◆ WHAT THIS TASK INVOLVES ◆
Your copy of the data should leave out the images and match everything else exactly.

◆ STORED DATA ◆
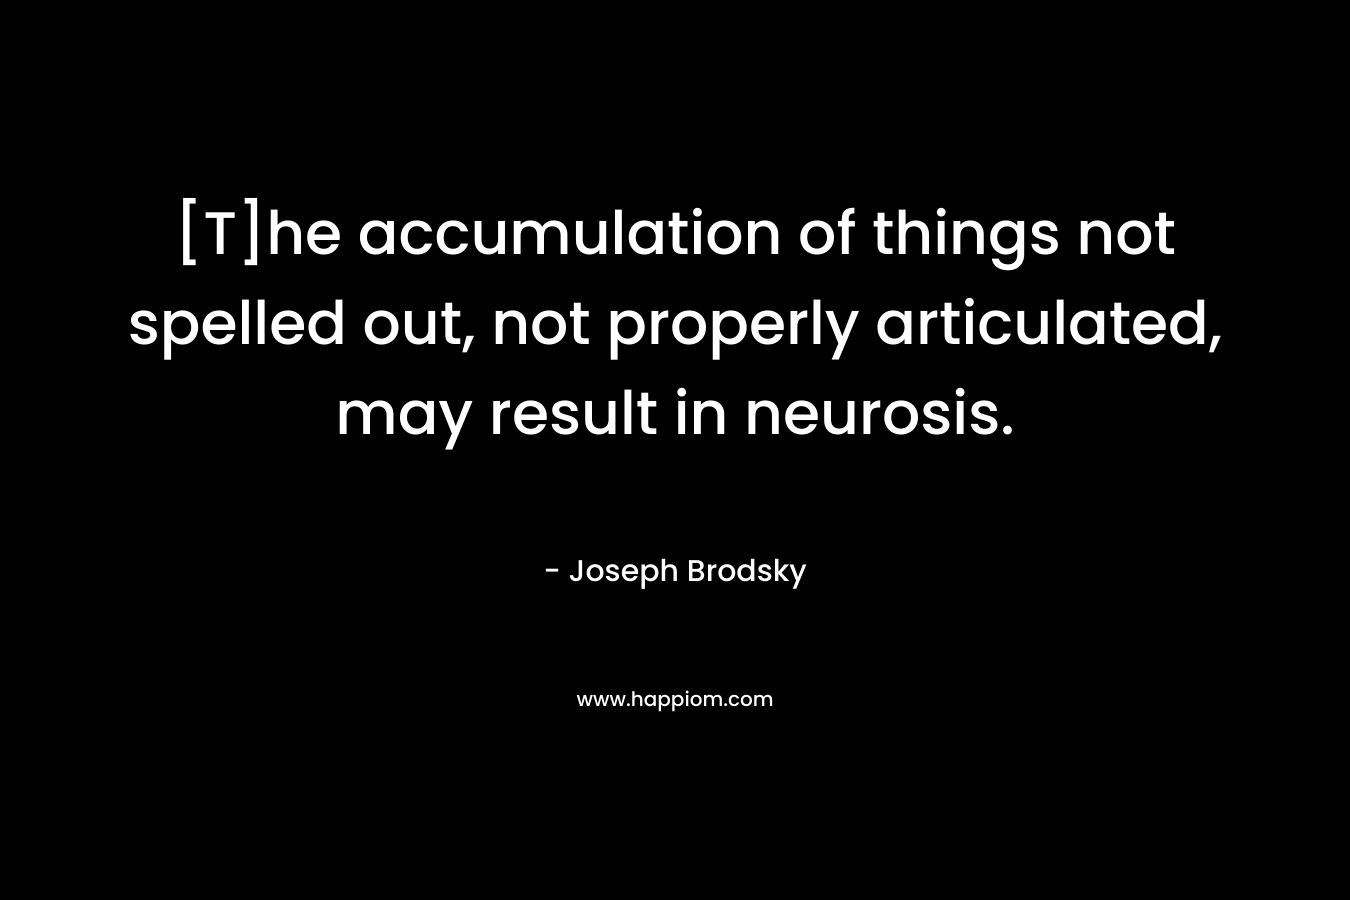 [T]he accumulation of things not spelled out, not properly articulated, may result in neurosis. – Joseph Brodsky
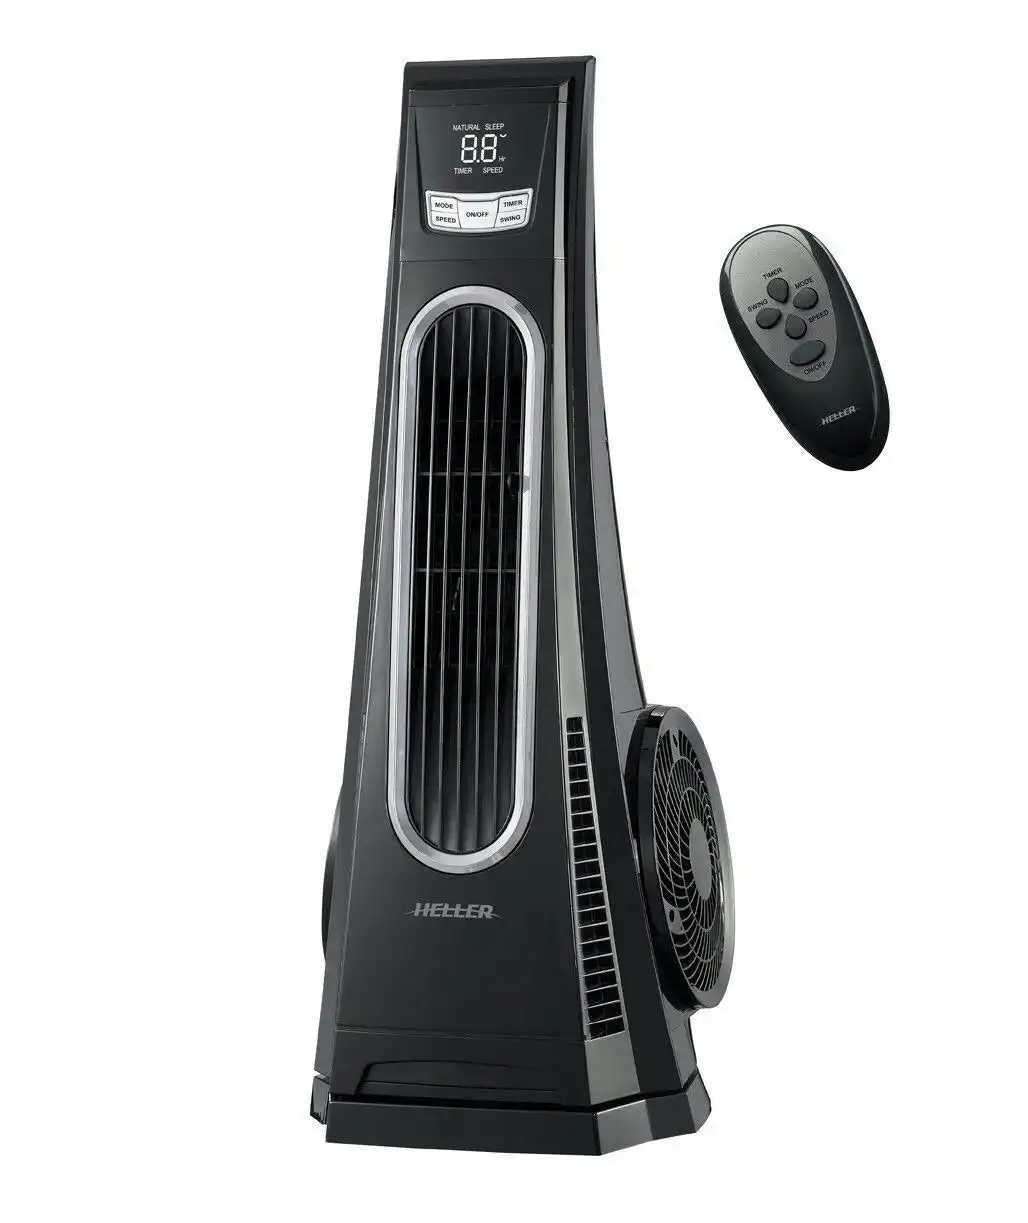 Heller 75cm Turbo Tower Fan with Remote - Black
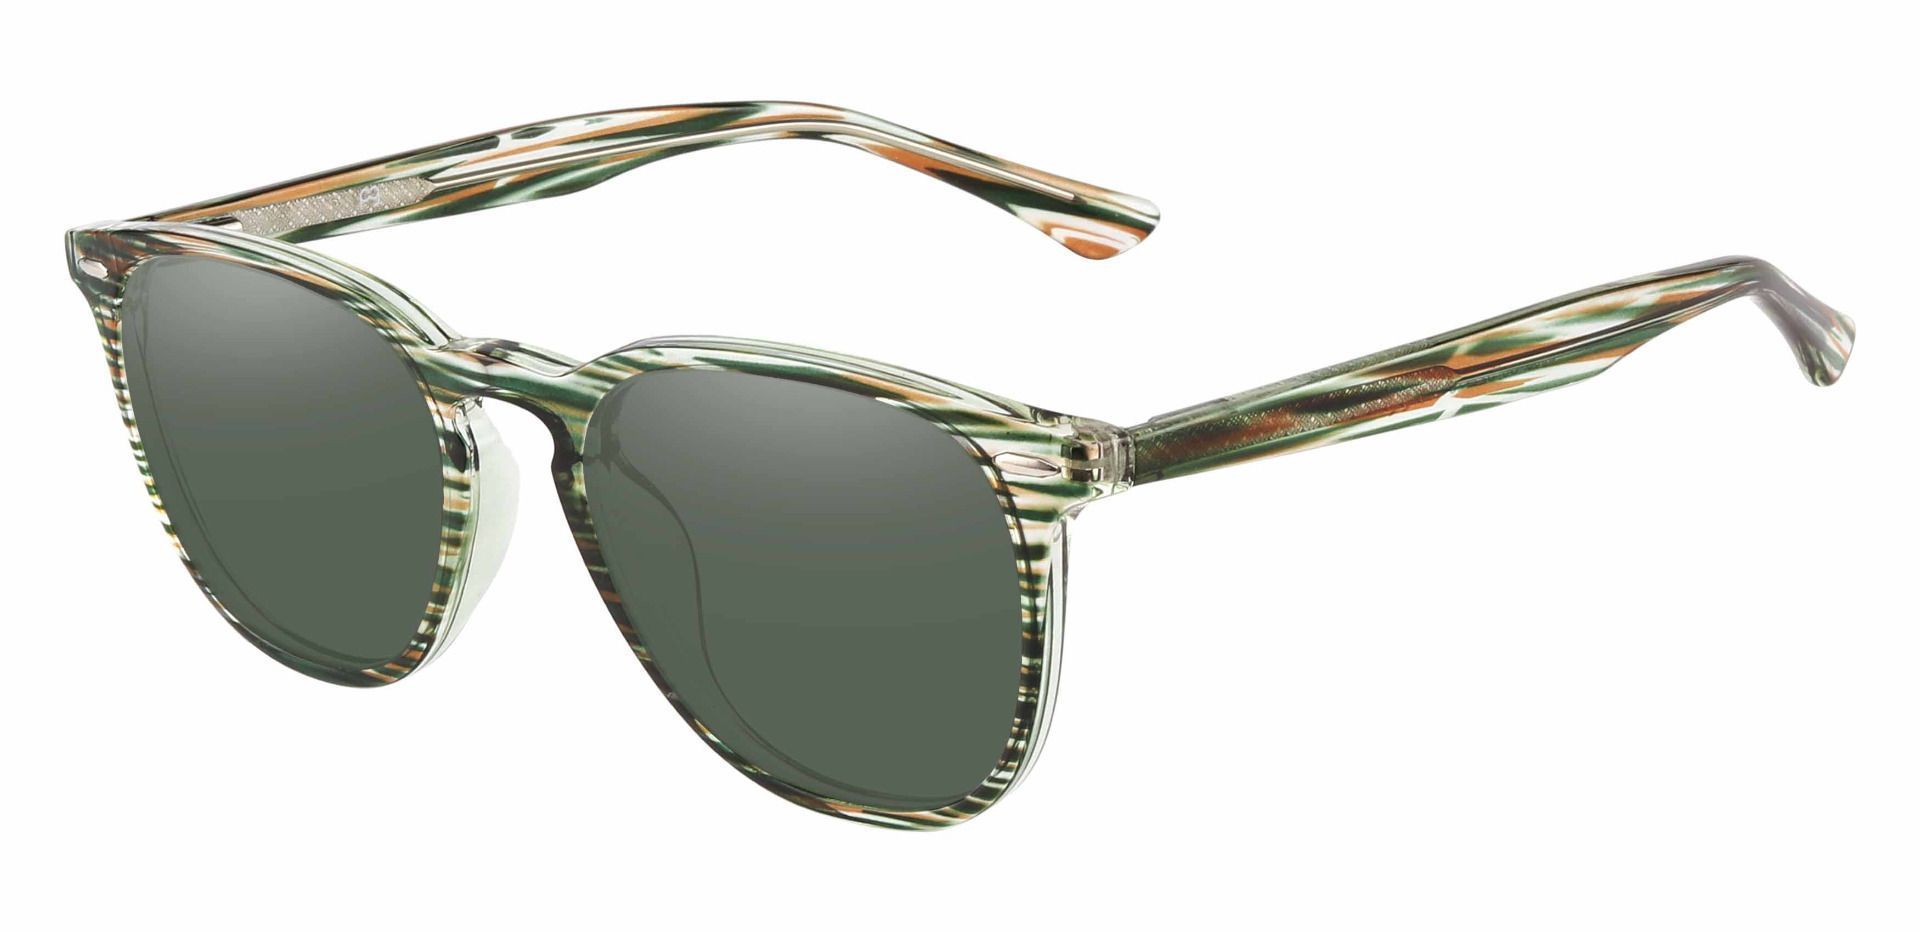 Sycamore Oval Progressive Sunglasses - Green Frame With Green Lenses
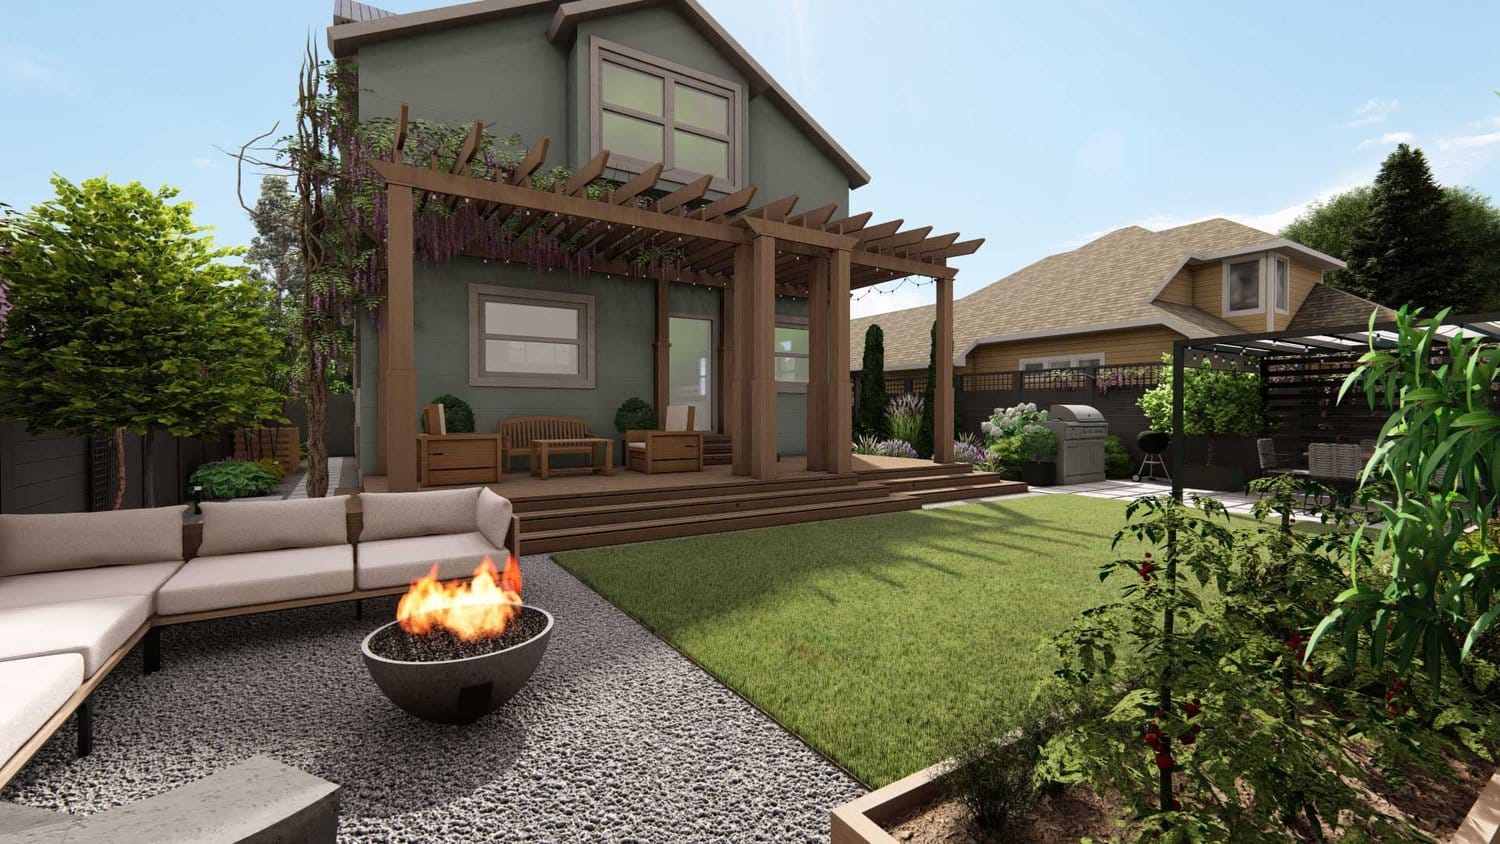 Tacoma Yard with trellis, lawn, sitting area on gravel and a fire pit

◆ TASK RESULT ◆
 [T]he accumulation of things not spelled out, not properly articulated, may result in neurosis. – Joseph Brodsky
 Heller 75cm Turbo Tower Fan with Remote - Black
 Sycamore Oval Progressive Sunglasses - Green Frame With Green Lenses
 Tacoma Yard with trellis, lawn, sitting area on gravel and a fire pit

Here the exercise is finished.